进入创建的conda环境,复制上图的命令即可安装:
conda activate pytorch
conda install pytorch torchvision torchaudio cpuonly -c pytorch
创建完成后,可以下载pycharm作为IDE,并将刚在conda中创建的pytorch环境配置为pycharm工程环境。
直接上代码:
import torch
from torch import nn
class LeNet(nn.Module):
def __init__(self):
super(LeNet, self).__init__()
self.c1 = nn.Conv2d(in_channels=1, out_channels=6, kernel_size=5, padding=2)
self.Relu = nn.ReLU()
self.s2 = nn.AvgPool2d(kernel_size=2, stride=2)
self.c3 = nn.Conv2d(in_channels=6, out_channels=16, kernel_size=5)
self.s4 = nn.AvgPool2d(kernel_size=2, stride=2)
self.c5 = nn.Conv2d(in_channels=16, out_channels=120, kernel_size=5)
self.flatten = nn.Flatten()
self.f6 = nn.Linear(120, 84)
self.output = nn.Linear(84, 10)
def forward(self, x):
x = self.Relu(self.c1(x))
x = self.s2(x)
x = self.Relu(self.c3(x))
x = self.s4(x)
x = self.c5(x)
x = self.flatten(x)
x = self.f6(x)
x = self.output(x)
return x
为了量化的方便,将LeNet原本的激活函数Sigmoid改为了Relu,经测试能够有效识别。
训练函数:
import torch
from torch import nn
from net import LeNet
from torch.optim import lr_scheduler
from torchvision import datasets, transforms
import os
import matplotlib.pyplot as plt
# 解决画图中文显示问题
plt.rcParams['font.sans-serif'] = ['SimHei']
plt.rcParams['axes.unicode_minus'] = False
# 数据转化为tensor格式
data_transform = transforms.Compose([transforms.ToTensor()])
# 加载训练数据集
train_dataset = datasets.MNIST(root='./data', train=True, transform=data_transform, download=True)
train_dataloader = torch.utils.data.DataLoader(dataset=train_dataset, batch_size=32, shuffle=True)
# 加载测试数据集
test_dataset = datasets.MNIST(root='./data', train=False, transform=data_transform, download=True)
test_dataloader = torch.utils.data.DataLoader(dataset=test_dataset, batch_size=1000, shuffle=True)

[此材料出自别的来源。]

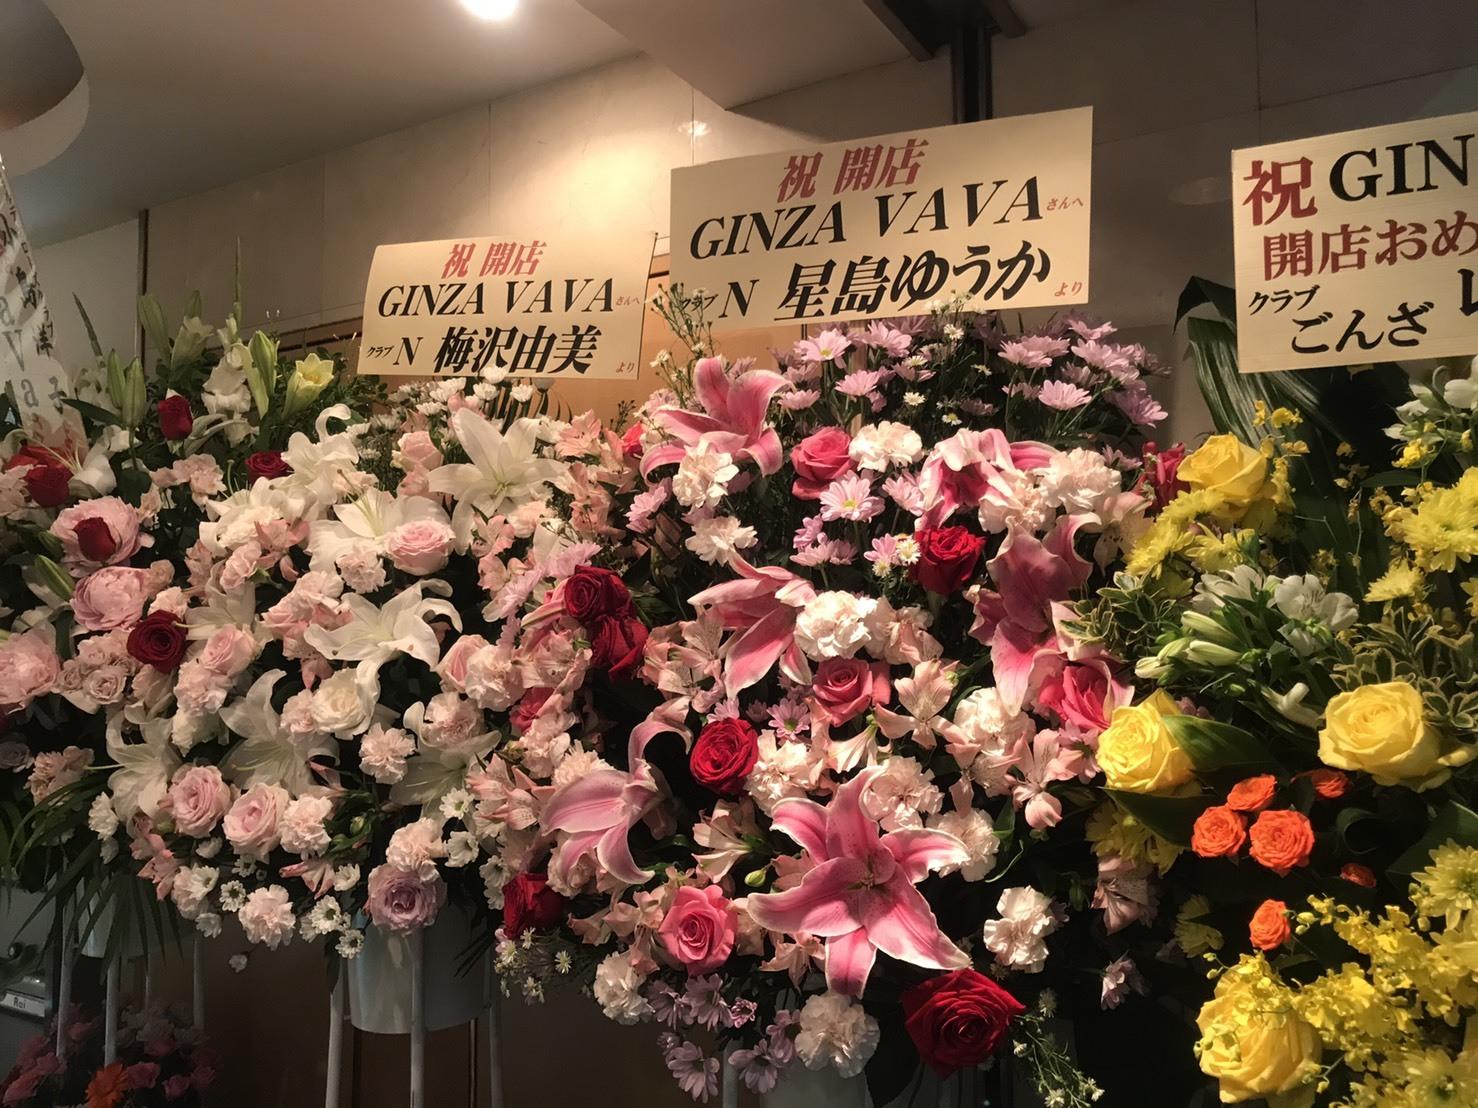 銀座クラブ「GINZA VAVA」開店祝い

device = "cuda" if torch.cuda.is_available() else "cpu"
# 调用net定义的模型
model = LeNet().to(device)
# 定义损失函数(交叉熵)
loss_fn = nn.CrossEntropyLoss()
# 定义一个优化器
optimizer = torch.optim.SGD(model.parameters(), lr=1e-3, momentum=0.9)
# 学习率每隔10轮,变为原来的0.5
lr_scheduler = lr_scheduler.StepLR(optimizer, step_size=10, gamma=0.5)
# 定义画图函数
def matplot_loss(train_loss, val_loss):
plt.plot(train_loss, label='train_loss')
plt.plot(val_loss, label='val_loss')
plt.legend(loc='best')
plt.ylabel('loss')
plt.xlabel('epoch')
plt.title("训练集和验证集loss值对比图")
plt.show()
def matplot_acc(train_acc, val_acc):
plt.plot(train_acc, label='train_acc')
plt.plot(val_acc, label='val_acc')
plt.legend(loc='best')
plt.ylabel('acc')
plt.xlabel('epoch')
plt.title("训练集和验证集acc值对比图")
plt.show()
# 定义训练函数
def train(dataloader, model, loss_fn, optimizer):
model.train()
loss, current, n = 0.0, 0.0, 0
for batch, (X, y) in enumerate(dataloader):
# 前向传播
X, y = X.to(device), y.to(device)
output = model(X)
cur_loss = loss_fn(output, y)
_, pred = torch.max(output, axis=1)
cur_acc = torch.sum(y == pred)/output.shape[0]
optimizer.zero_grad()
cur_loss.backward()
optimizer.step()
loss += cur_loss.item()
current += cur_acc.item()
n = n + 1
train_loss = loss / n
train_acc = current / n
print("train_loss" + str(train_loss))
print("train_acc" + str(train_acc))
return train_loss, train_acc
def val(dataloader, model, loss_fn):
model.eval()
loss, current, n = 0.0, 0.0, 0
with torch.no_grad():
for X, y in dataloader:
# 前向传播
X, y = X.to(device), y.to(device)
output = model(X)
cur_loss = loss_fn(output, y)
_, pred = torch.max(output, axis=1)
cur_acc = torch.sum(y == pred) / output.shape[0]
loss += cur_loss.item()
current += cur_acc.item()
n = n + 1
val_loss = loss / n
val_acc = current / n
print("val_loss" + str(val_loss))
print("val_acc" + str(val_acc))
return val_loss, val_acc
# 开始训练
epoch = 50
min_acc = 0
loss_train = []
acc_train = []
loss_val = []
acc_val = []
for t in range(epoch):
print(f'epoch{t+1}\n------------------')
train_loss, train_acc = train(train_dataloader, model, loss_fn, optimizer)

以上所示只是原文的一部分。